The Daily Ripper

Musical chairs bankrupts company

Australia | Sunday, December 5th, 2004

A marginal Grafton company was forced into bankruptcy after a staff member stole a colleague’s office chair, causing a chain reaction of chair reshuffling that saw productivity plummet to zero.

“I just wanted a comfortable and ergonomically sound workstation,” said Maurice Finkel, the shipping clerk blamed for the liquidation of RePong, a boutique refurbisher of ping-pong racquets.

RePong managing director Jasper Zipf said the company had just won a small contract from Table Tennis NSW (Northern Rivers Conference) to handle a full season of refits and this would have kept the company afloat.

“But this disruption knocked us for six. It’s a time-critical business and we have to get our shipments out and our bills paid promptly.

“When Cheryl came back to the office and found Maurice had taken her chair, she took Raylene’s because Raylene was at lunch and then Raylene came back from lunch and went to the billing department and took Peter’s.

“Pretty soon this had spread throughout all departments of the business until it reached my office and a whole day’s production was down the creek.

“You’ve seen how quick these ping-pong people react at the table. They are lightning fast and that is reflected in their purchasing decisions.
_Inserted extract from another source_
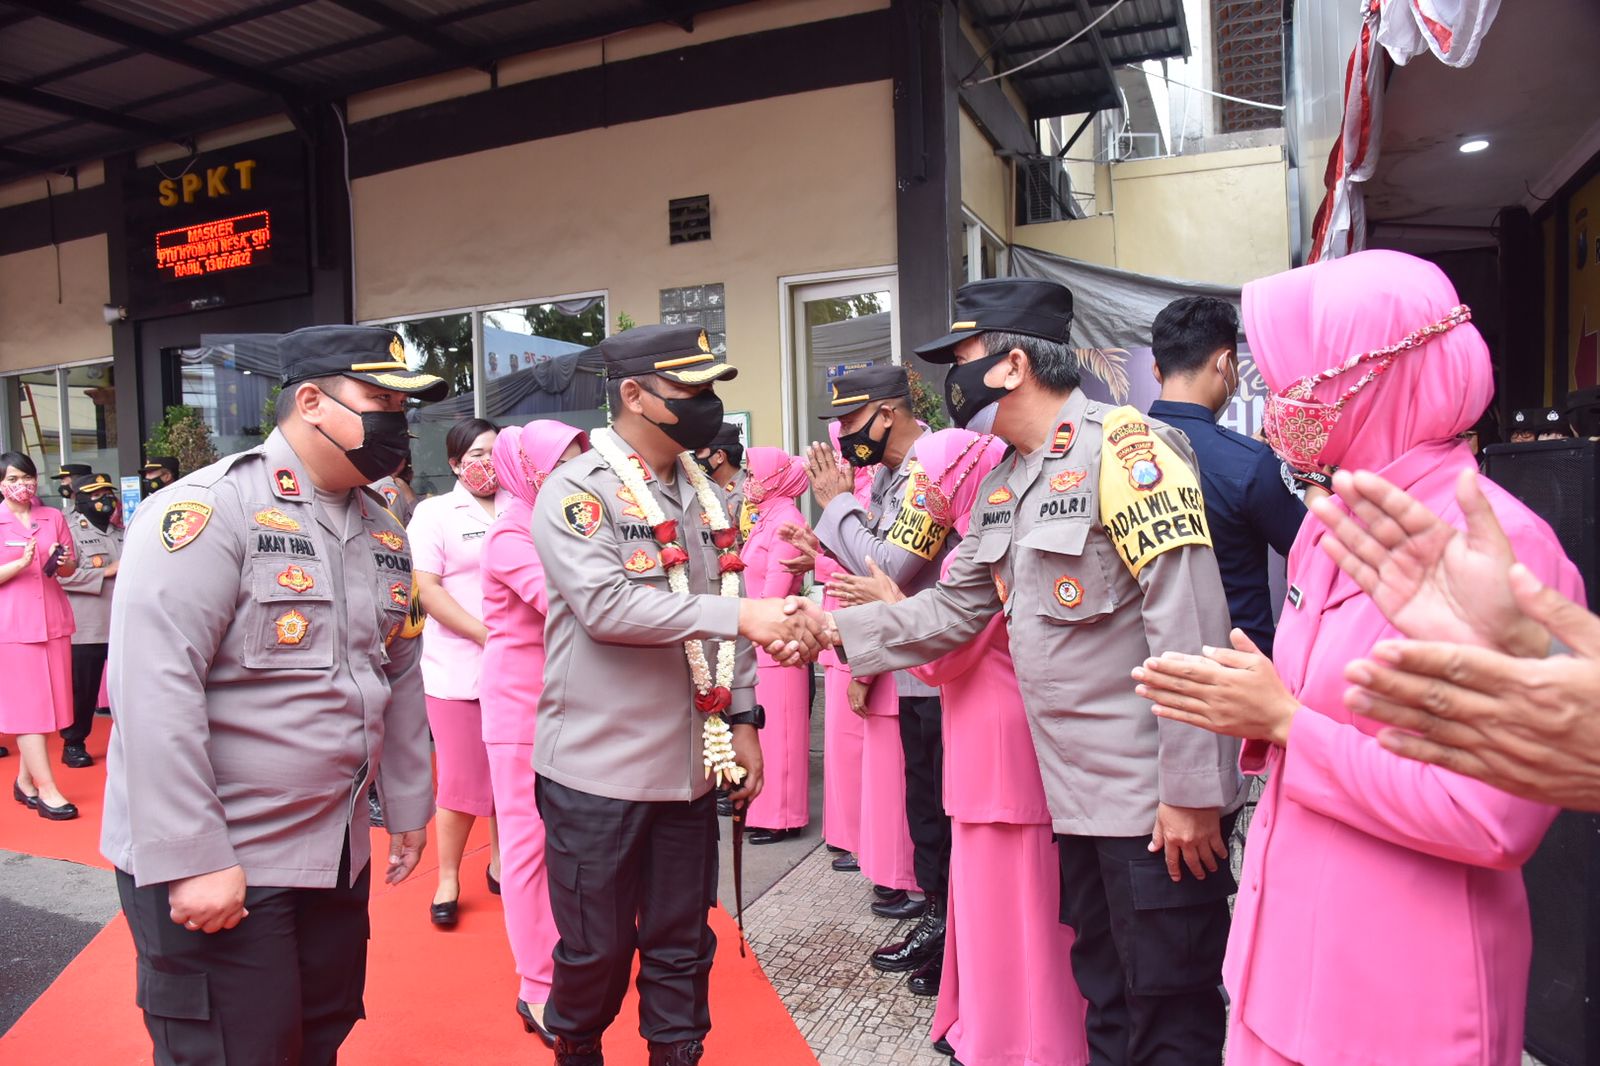 TNI-Polri Olahraga Bersama, Kapolres Lamongan: Perkuat Sinergi dan Soliditas

When we weren’t able to deliver on time they wiped us.”

Mr Zipf denied staff accusations that the company could have avoided the disaster by strategically re-investing profits in better office furniture, even some reasonable secondhand stuff.

“We acknowledge that the gas lift was stuffed on most of the chairs and the upholstery was the vinyl stuff that sticks to the backs of your legs when you’re hot and sweaty,” he said.

“And we are short one chair, which is why you had this chain reaction. In the end I ended up with no bloody chair and no bloody company.”

But staff members’ unwillingness to wait until the company could afford a new chair had bitten them in the bum, he said.

“Now they’ve got no jobs and I’ve got the arse out of my pants.”

He said even if the company could rebuild it could face problems recruiting skilled staff as current workers left the industry. “It’s tricky work gluing that green rubbery matting to the face of the racquet without getting your fingers stuck, and using just enough glue but not too much so it doesn’t squeeze out the sides everywhere. I’m buggered if I know how they manage it,” he said.